Yeah, same in Brazil where I spent a lot of time... It was amazing to experience. I rented a room in Rio from a guy who directed film festivals, and he would watch the latest telenovela while discussing it in real time on the phone with his mother.

IleneHope's avatar

Great to experience Ivy Meeropol’s important film with you! E Jean’s story- who knew?! More need to see it. And yes, soap operas. I watched General Hospital as a kid and was hooked. There is value in them for sure. Keep on telling the good stories Sari!

Sari Botton's avatar

Thank you, Ilene! So great to see you and Paula there. xo

Ron Brawer's avatar

For 13 years, I was the Emmy Award-winning Music Director on NBC’s long-lasting soap opera, ANOTHER WORLD, and then served another six months on NBC’s short-lived PASSIONS. As a songwriter/producer, Procter & Gamble, the show’s sponsor, allowed me to use my songs for source music (the music the characters hear in bars, clubs, the gym, on the radio, etc.) but not for underscoring (music the audience hears but not the characters.) My songs, especially the Christmas album (“Together on Christmas Day”), frequently played ANOTHER WORLD and on the other P&G shows, GUIDING LIGHT and AS THE WORLD TURNS.
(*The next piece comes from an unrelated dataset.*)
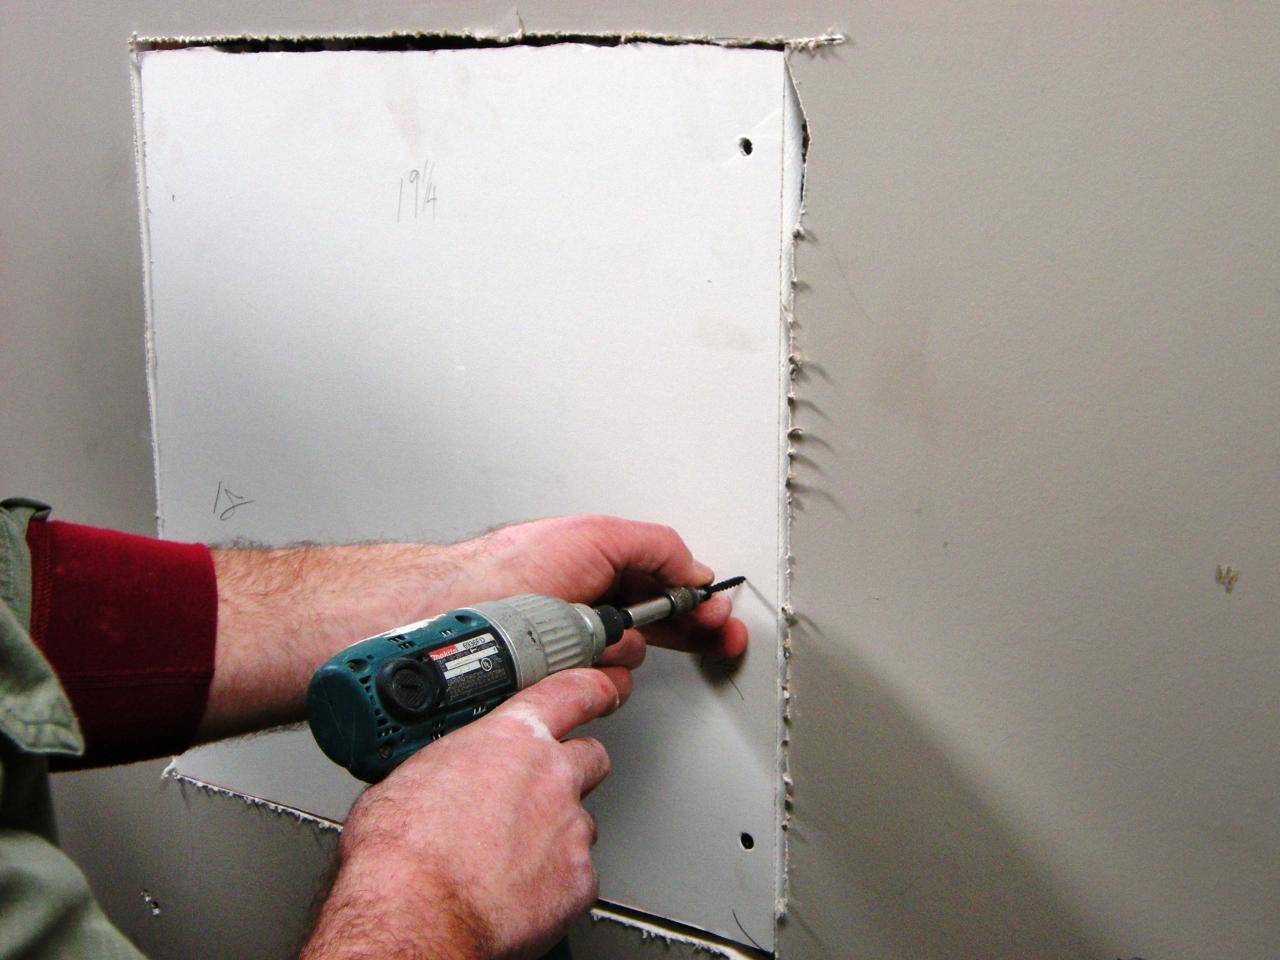 Ремонтируем трещины на потолке шпатлёвкой и герметиком: пошаговое руководство – советы по ремонту

I found that my AW soap opera team could be cleanly divided into three groups. First, were the NABET folks – engineers, cameramen, lighting crew... the techies. For them it was a very decent job, and they were brilliant at it. Yeah, production occasionally ran late, but then they got overtime, all good. For the rest, the production staff (producers, directors, writers, editors, etc.) and “talent” – as the actors were referred to – were either bitterly resigned to careers in daytime TV, as opposed to their glory dreams in theater, film, or even prime-time TV... or else they were ecstatically grateful, “OMG! I’M WORKING ON A TELEVISION SHOW!”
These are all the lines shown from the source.